Хорошенькая Марион, девочка с характером, смотрит злыми глазами на ту, что ее отвергла. Марион кокетничает со многими, но еще не нашла себе покровительницу. Она сознает свою привлекательность и гордится ею. Ей, наверно, лет двенадцать или чуть больше. Восхитительное создание. О нас, старших, этого не скажешь. У нас уже проявляются маленькие изъяны подросткового возраста. А у нее — еще нет. Глаза у Марион словно нарисованы эмалью. Такое можно увидеть на кладбищах, возле надгробий: тонкий стебелек, а с него на тебя смотрят фиолетовые радужные оболочки. Даже фрау Хофштеттер обратила на нее внимание. Марион еще не выбрала предмет для обожания, кажется, она разговаривала с Фредерикой. Фредерика у нас не пользуется любовью, но вызывает уважение. За столом она почти не разговаривает, а после уроков проводит время либо в одиночестве, либо со мной. Это просто дикость, что я ночую в корпусе для младших. Тех, кто там живет, не считают за старшеклассниц, пусть даже разница составляет всего несколько месяцев. Пока нам не исполнится пятнадцати лет, мы относимся к младшим воспитанницам.

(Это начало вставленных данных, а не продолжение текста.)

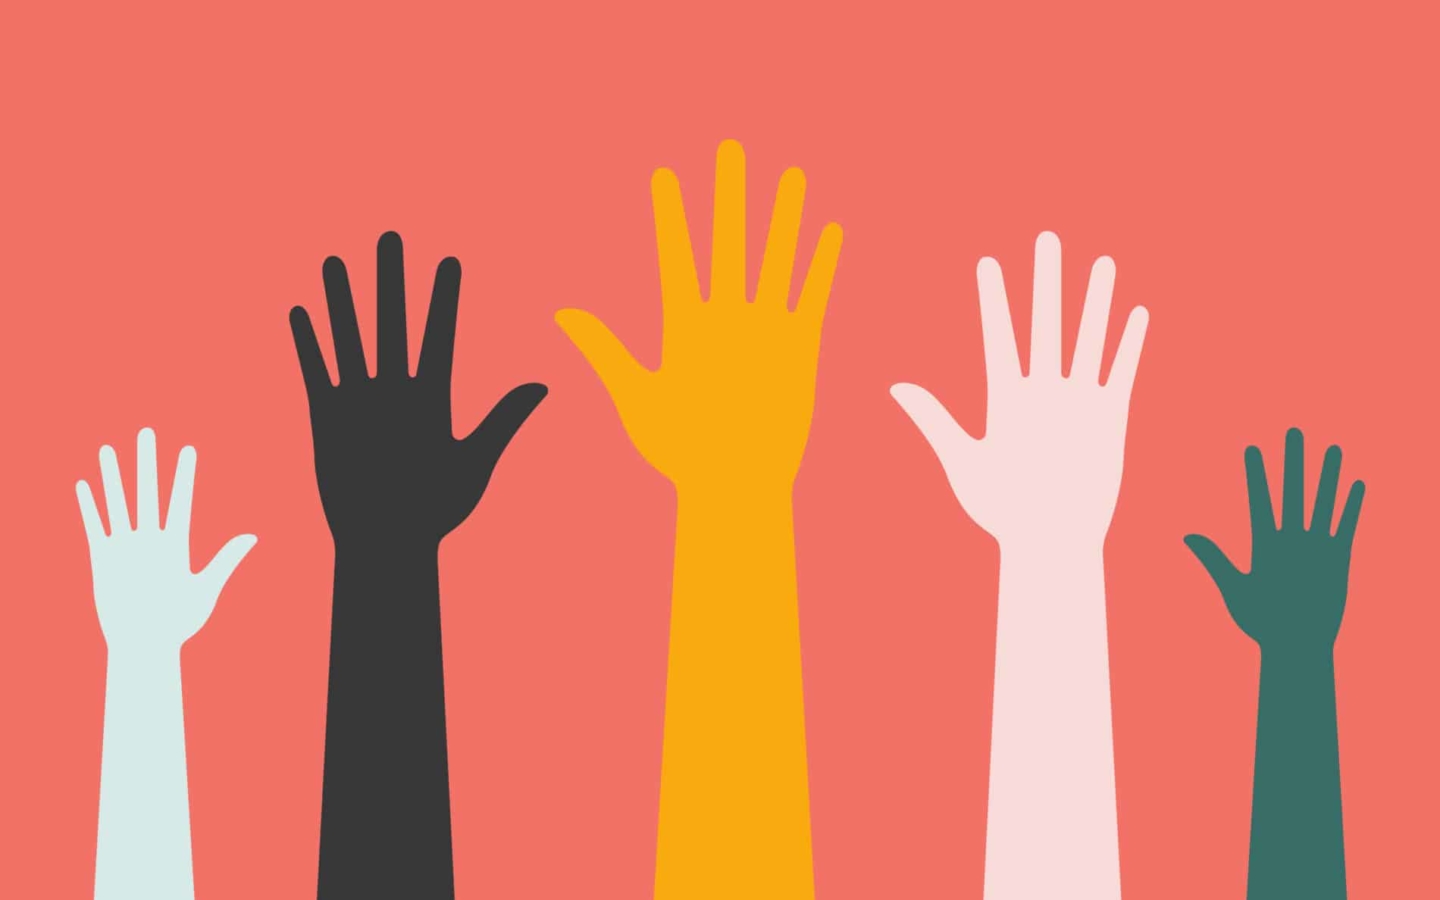 Five raised hands to signify inclusion.

Фредерике почти шестнадцать, она уже взрослая. Ей дозволено тушить в комнате свет на час позже, чем нам. Она живет там одна. У нее собственный шкаф, в котором царит идеальный порядок, белье сложено так, как складывают стихари в ризнице, мысли тоже аккуратно уложены и ночью дремлют среди беленых стен. Я желаю ей спокойной ночи, она не придет ко мне в мою комнату, мою и немки. Даже если немки там не окажется. Но немка всегда там, лежит, растянувшись на кровати, она бережет себя для будущего, не расходует попусту свои юные силы. Раз в Бразилии довольны таким положением дел, пусть так и будет.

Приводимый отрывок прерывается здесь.